Mending Day

I get a small pile of mending to do every few months. Today I'm mending a small hole in my hub's jeans. He seems to always get these stress rips from the pocket where he keeps his wallet. Here's a simple way to mend small rips and holes in jeans to give them some extra life.


I learned some of these tips from my co-worker Jaime, you can read her comprehensive tutorial for mending jeans here at WeAllSew.


To mend a hole in jeans you'll need a few simple tools. Scissors, thread snips, a darning foot, a bit of extra denim for a patch, and a small piece of iron on interfacing.


Because this little rip is right under the corner seam of the pocket, I'm using a seam ripper to remove the corner. This will make for a stronger repair, and I'll stitch the pocket back on at the last step. I've pinned the pocket corner down to keep it out of the way to patch the hole.
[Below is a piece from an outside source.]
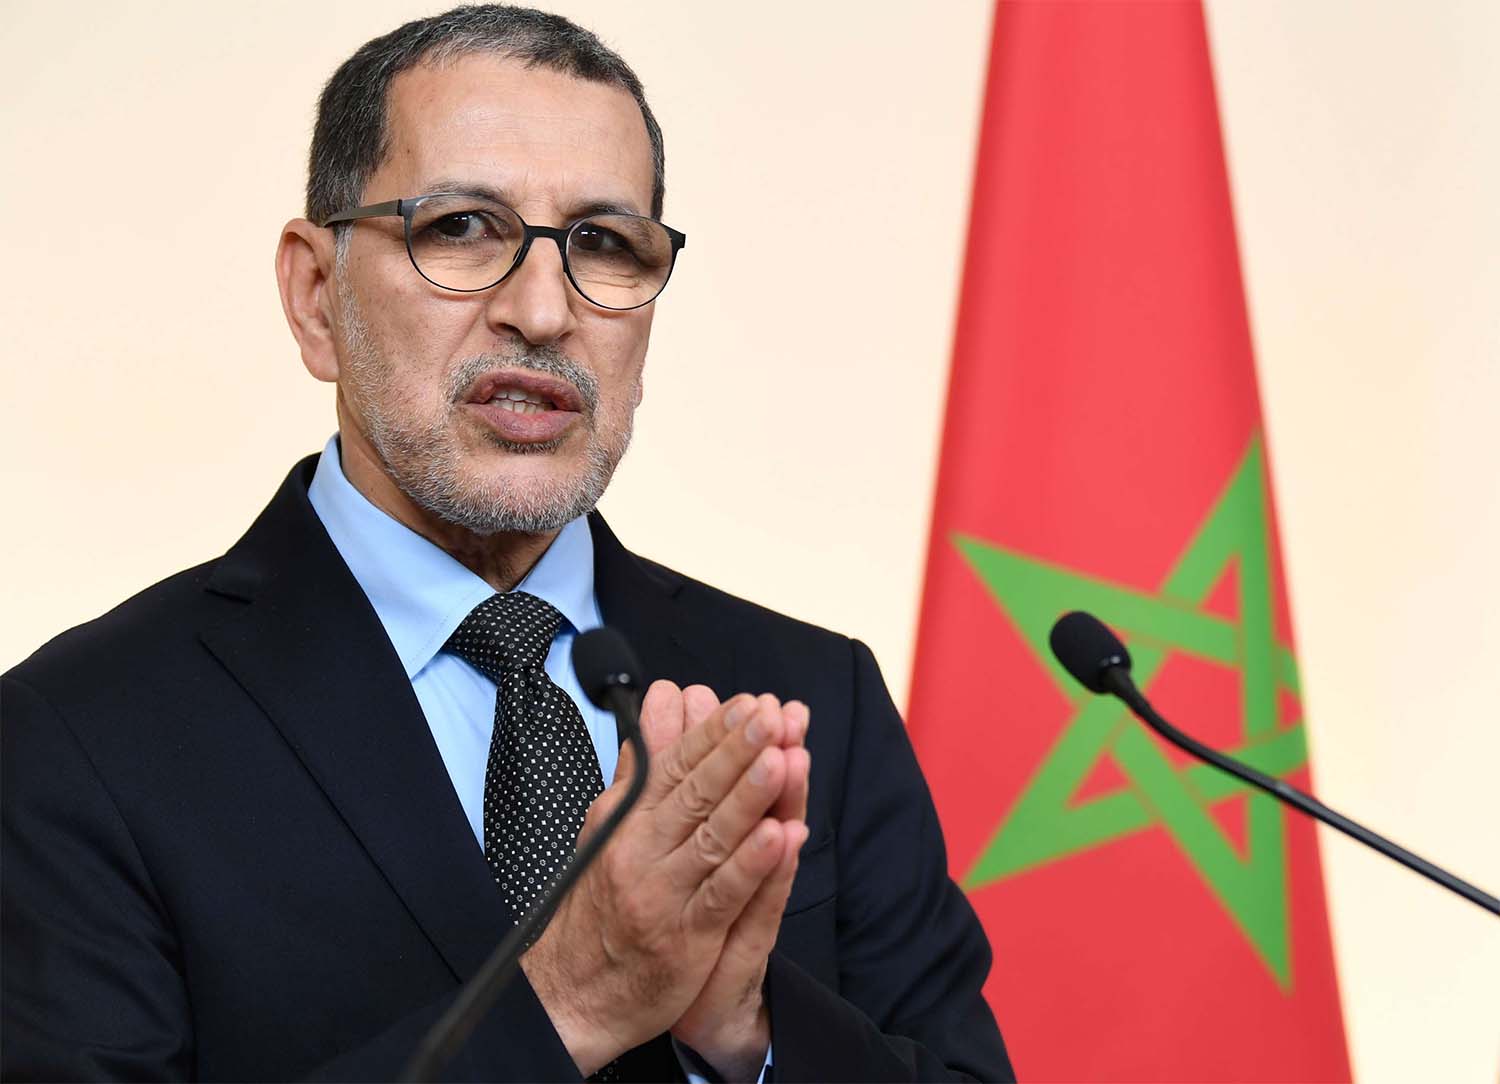 Morocco's Prime Minister Saad dine El Otmani

I work to apply a patch on the wrong side of the jeans. Cut a small piece of denim that is twice the size of the hole, and apply the iron on interfacing to the wrong side. The interfacing will help stabilize the patch through the stitching process.


Place the patch directly over the hole. I've used temporary spray adhesive to hold the patch in place, but you can also pin the patch from the right side of the jeans.


Set up your sewing machine to stitch the patch underneath the hole. I use the Darning foot #9 with a zigzag needle plate, a jeans needle size 9/14, matching all-purpose sewing thread, and a basic zigzag stitch. I remove the sewing table to allow for easier stitching on the free arm of the machine.


To use this technique, you'll need to lower the feed dogs on your sewing machine. Most machines will have a button or lever that allows you to lower the feed dogs below the stitch plate to enable free motion stitching. Check your user's manual if you're not sure how to lower the feed dogs on your sewing machine.


To begin, start stitching and moving the fabric back and forth under the needle. Check the video below to see how I'm working the fabric under the needle to make a strong mend in the jeans.



When you've added stitching over the hole, remove the jeans and cut the extra fabric around the patch close to the stitching.


I usually add a few more stitches around the outside edge of the patch to keep the edges secure. Then it's time to sew the pocket back down.


I thread the sewing machine up with matching jeans topstitching thread, leaving the all-purpose thread still in the bobbin. I switch out the foot to the Reverse pattern foot #1D and use with the Dual Feed feature. After making a few test stitches on scrap denim, I match the stitching to secure the pocket. Close to the top of the pocket is a very thick seam. I use the "hump jumper" or Height Compensation Tool that came with my BERNINA 570 QE sewing machine. It's a fabulous tool for helping you to sew over thick seams or bumps! 


The tool has three leaves, and you can use them to stack to find the perfect height. The goal when using this tool is to keep the presser foot as level as possible when sewing over a hump, bump, or thick seam.


When the foot is level, it will sew easily over any bumps!


Mending complete! It's not perfect, but now the life of these jeans has been extended. I hope you've picked up a tip or two from these tips!